In an economy-related ministers’ meeting held in Seoul, the government endorsed the plan to give higher tax rewards and research and development incentives to the service sector in a way that transforms the nation’s manufacturing-oriented economy.

Deputy Finance Minister Lee Chan-woo holds a media briefing on July 5. Deputy Finance Minister Lee Chan-woo holds a media briefing on July 5.

“The manufacturing industry, which has led South Korea‘s economic development in the past, sees its role weakening in terms of economic growth and employment,” Deputy Finance Minister Lee Chan-woo said in a media briefing.

“Now we have to bolster the fast-growing service industry in a bid to seek a new growth engine and increase the country’s job-creating capability.”

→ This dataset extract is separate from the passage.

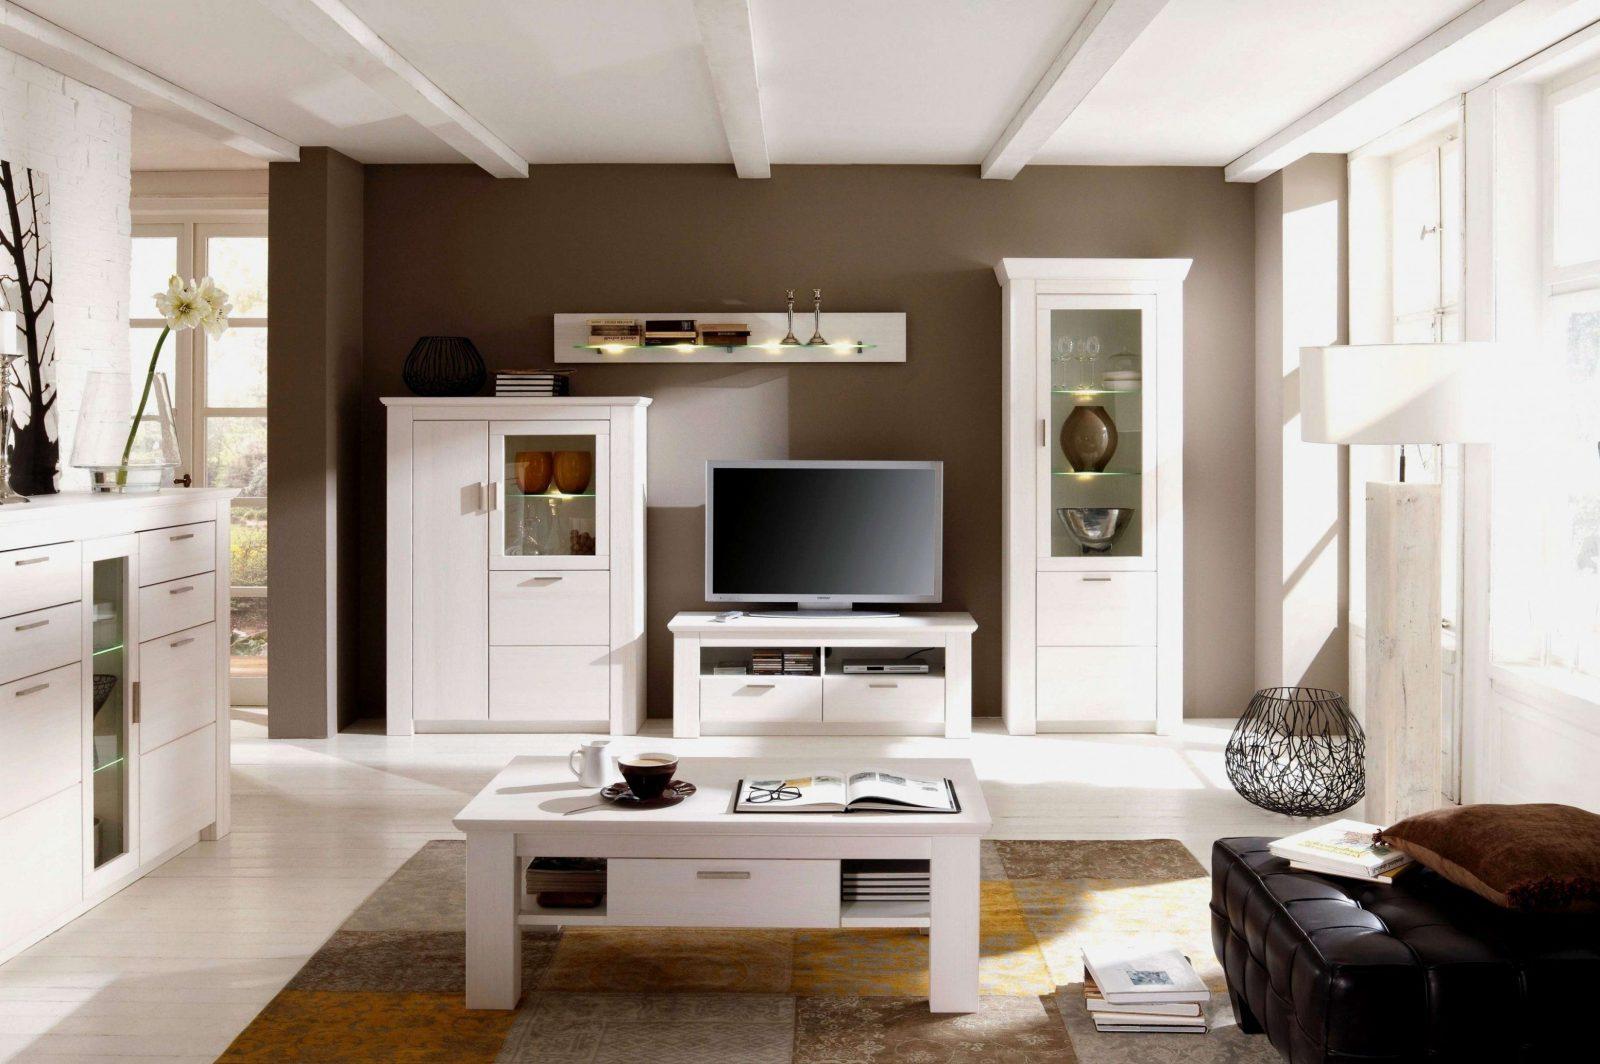 Wohnzimmermöbel Serie Best Of Welche Wandfarbe Zu Dunklen Möbeln von Wandfarbe Zu Dunklen Möbeln Bild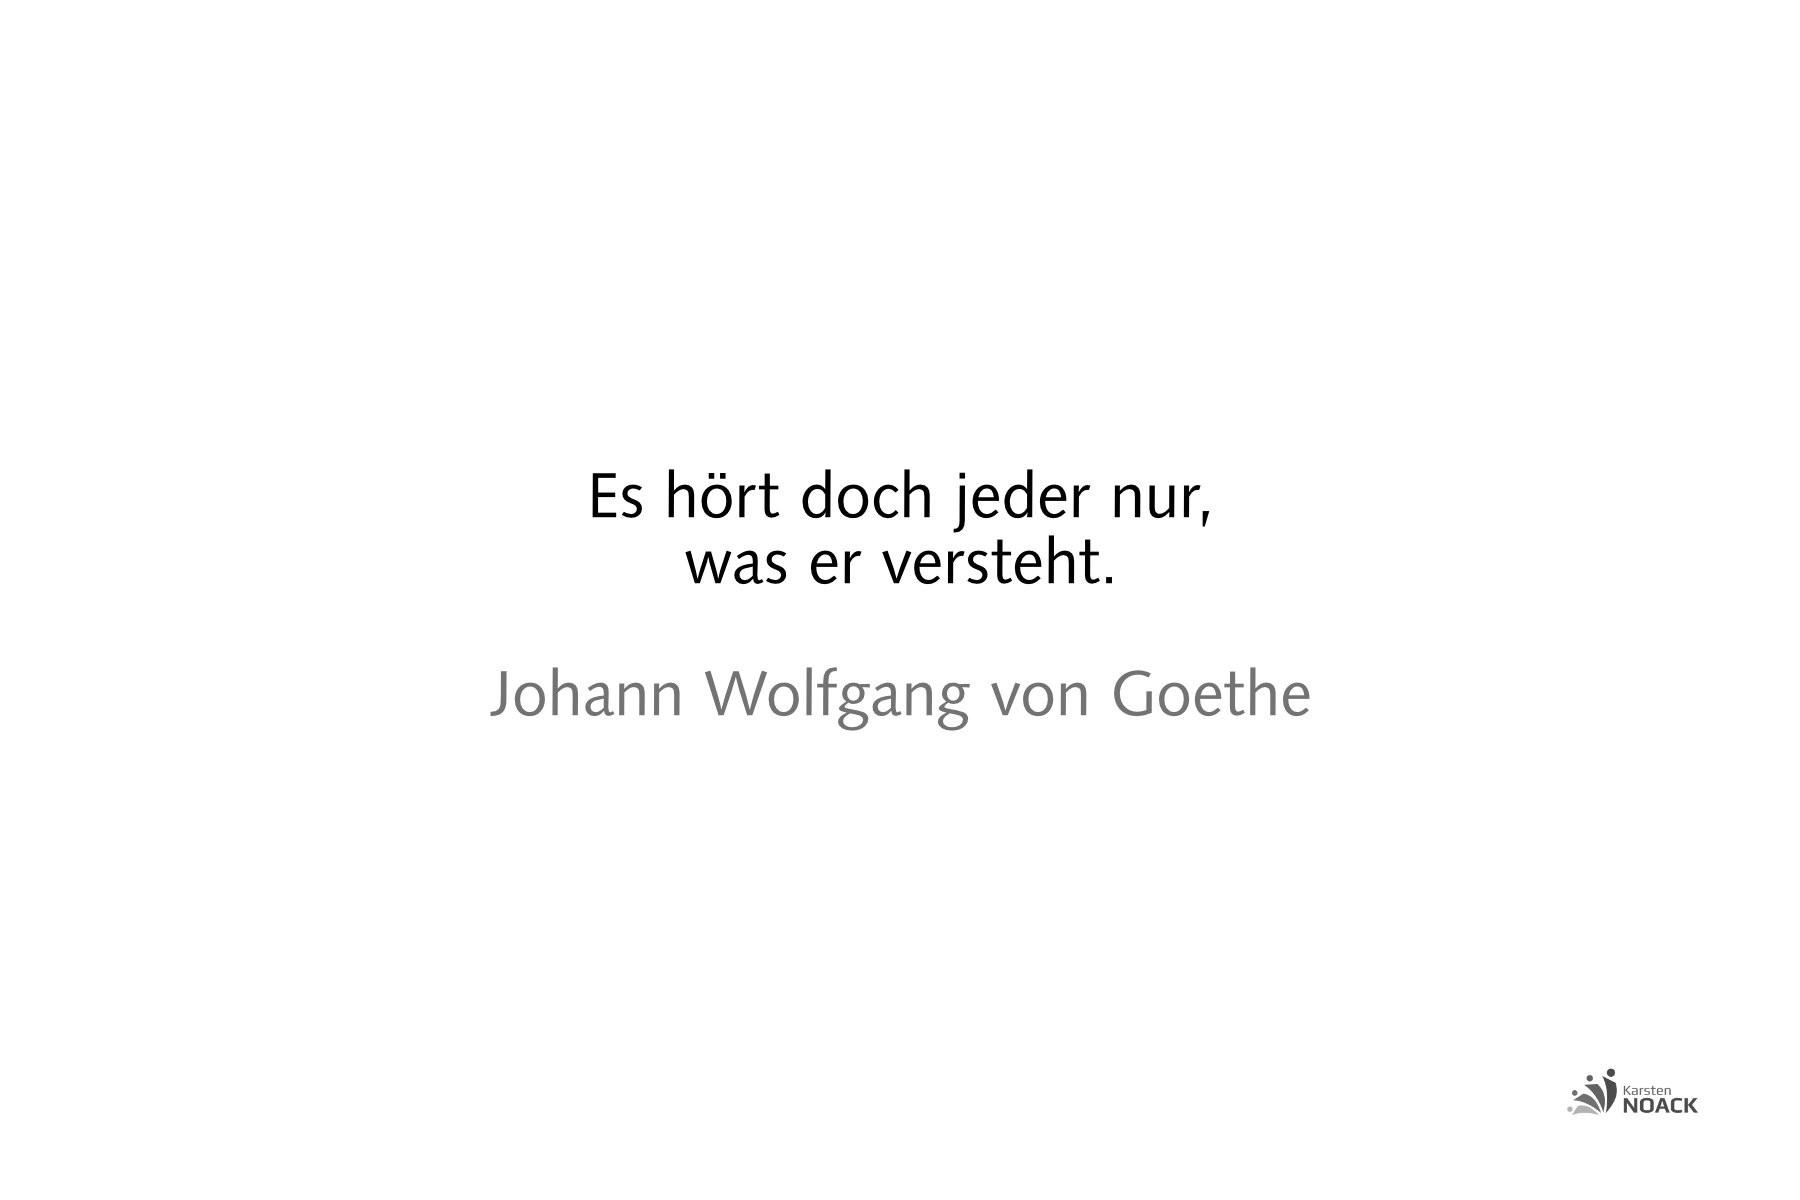 Es hört doch jeder nur, was er versteht. Johann Wolfgang von Goethe

Asia’s fourth-largest economy seems to have entered a downside cycle as its growth rate has remained around 2-3 percent over the past few years, compared with some 4-5 percent growth in the 2000s.

Its exports, the key economic driver, have posted a record 18th month consecutive drop since the first month of last year amid waning global demand.

As a result, South Korea’s manufacturing sector, directly affected by exports, accounts for nearly 30 percent of the country‘s gross domestic product during the 2010-2015 period. But its employment rate hovers around 17 percent in recent years, lagging far behind its GDP contribution.

The service industry, on the other hand, has been strengthening its presence in the economy, hiring 70 percent of the country’s total workforce in 2015.

But it accounted for 60 percent of the country‘s total added value, due to poor labor productivity in the service sector.

“The plan is aimed at creating a service-oriented industry, promoting the service-manufacturing convergence and supporting potential sectors,” said Lee. “We expect it will create an additional 250,000 new jobs in the service sector by 2020.”

The government said it will upgrade the service industry’s labor productivity, currently amounting to US$47,000 per person, to $58,600, the average level of the Organization for Economic Cooperation and Development, by 2020, by giving higher tax breaks and lifting unnecessary regulations.

Under the latest plan, the government will revise the current tax codes that give preferential treatment to exporting manufacturing companies and grant service firms equal tax benefits in accordance with the number of employees and research and development projects.

State-run policy lenders, like the Korea Development Bank, will expand their support fund for the service industry to 54 trillion won (US$47 billion) by 2020 from 39 trillion won in 2015.

The government will remove legal and administrative barriers to help seven selected service sectors, including medical, contents, finance and logistics, expand their business in areas like telemedicine services, internet-only banks and drone delivery services, according to the Finance Ministry.